- [Task prompt]: From the material below, copy exactly the lines beginning with the one that contains "Main Image - Orrefors" and ending with the one that contains "9a723b35f644 ... Affordable"; the pictures stay out.

- [Material supplied]:

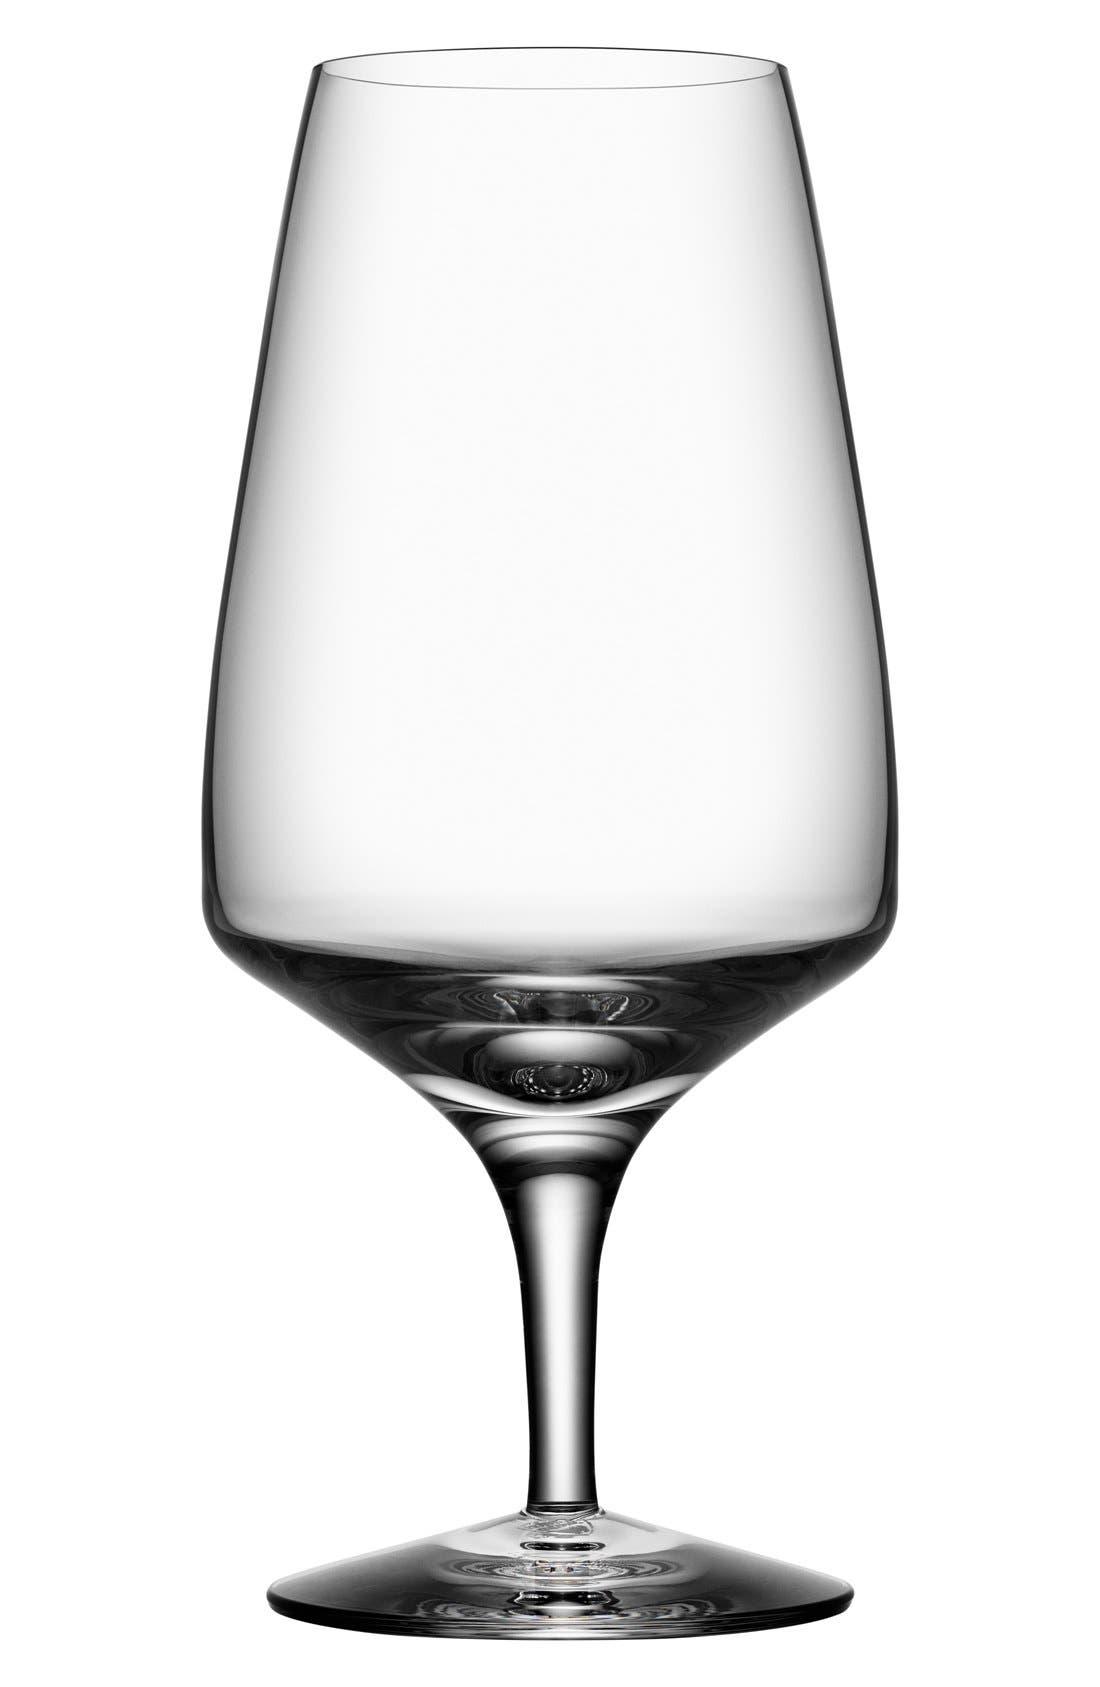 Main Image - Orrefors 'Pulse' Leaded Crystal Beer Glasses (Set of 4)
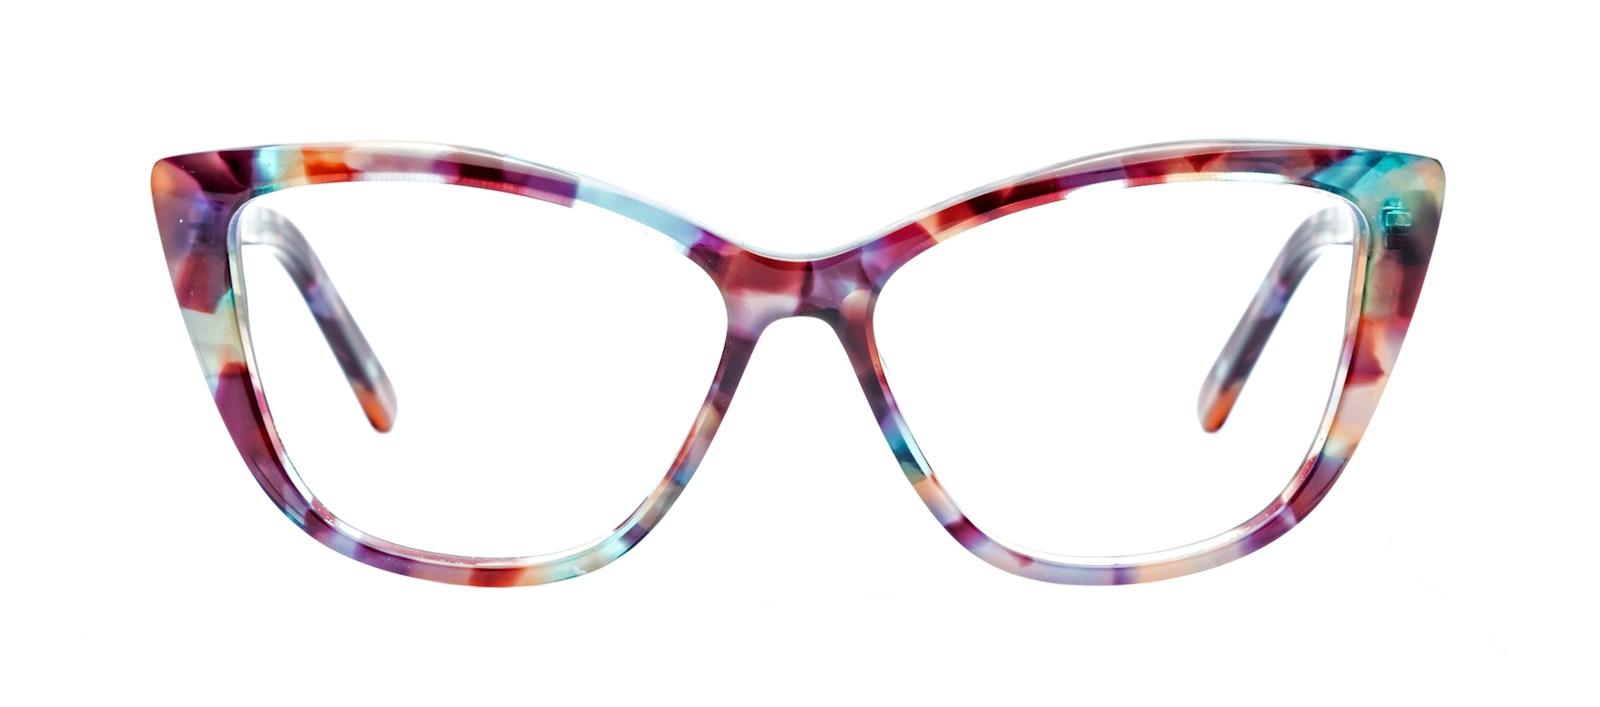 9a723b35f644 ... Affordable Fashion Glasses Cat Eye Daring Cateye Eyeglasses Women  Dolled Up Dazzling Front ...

---

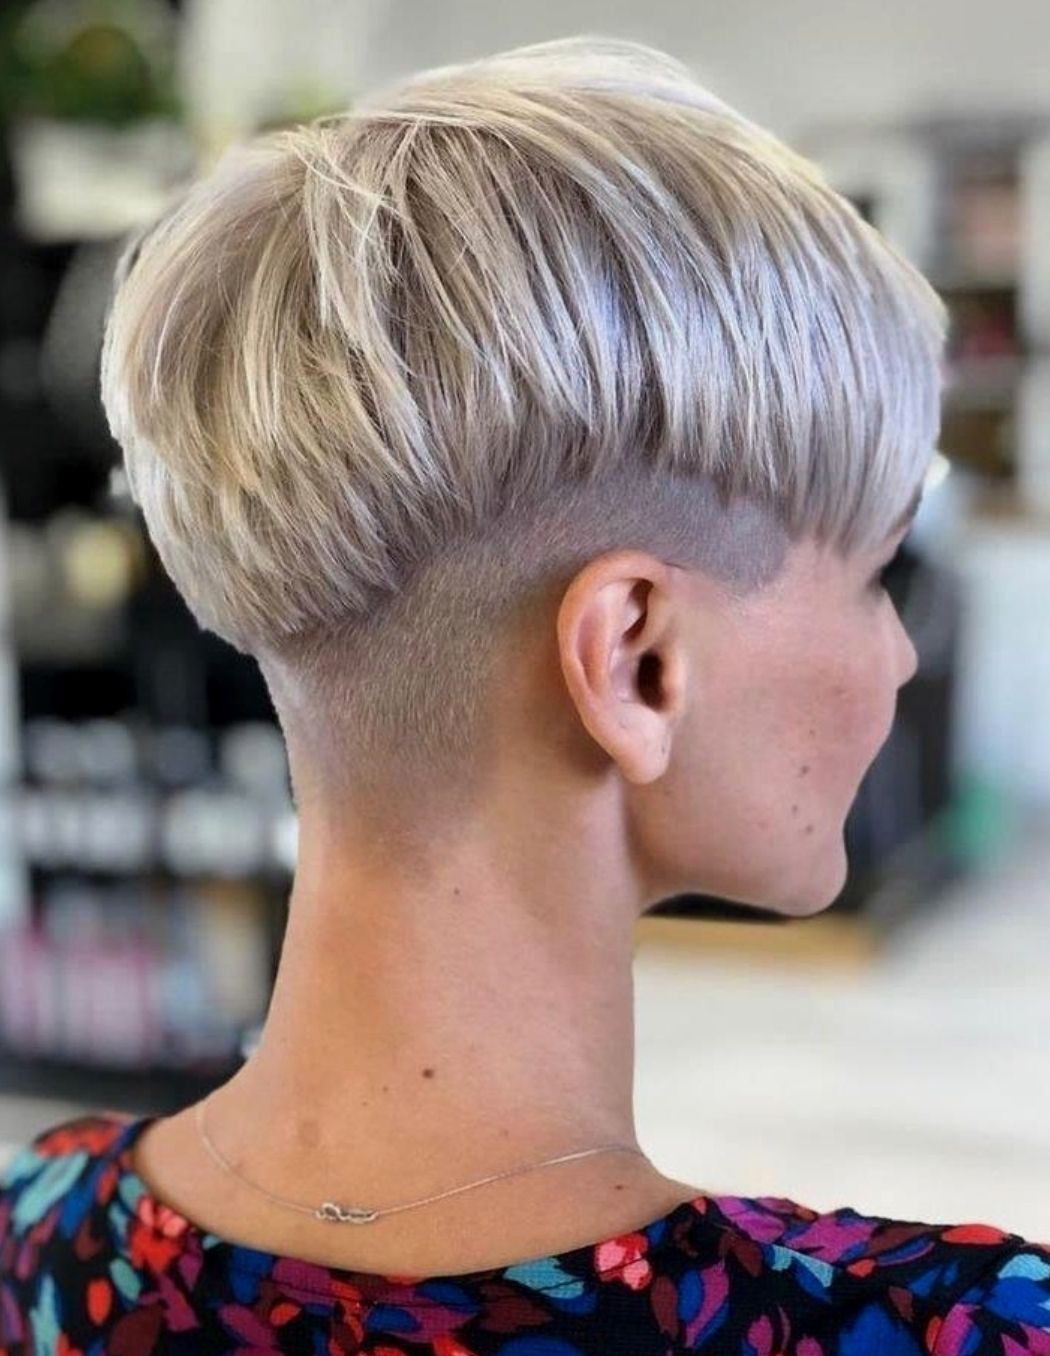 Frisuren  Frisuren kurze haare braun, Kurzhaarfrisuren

- [Response to this task]:
 Main Image - Orrefors 'Pulse' Leaded Crystal Beer Glasses (Set of 4)
 9a723b35f644 ... Affordable Fashion Glasses Cat Eye Daring Cateye Eyeglasses Women  Dolled Up Dazzling Front ...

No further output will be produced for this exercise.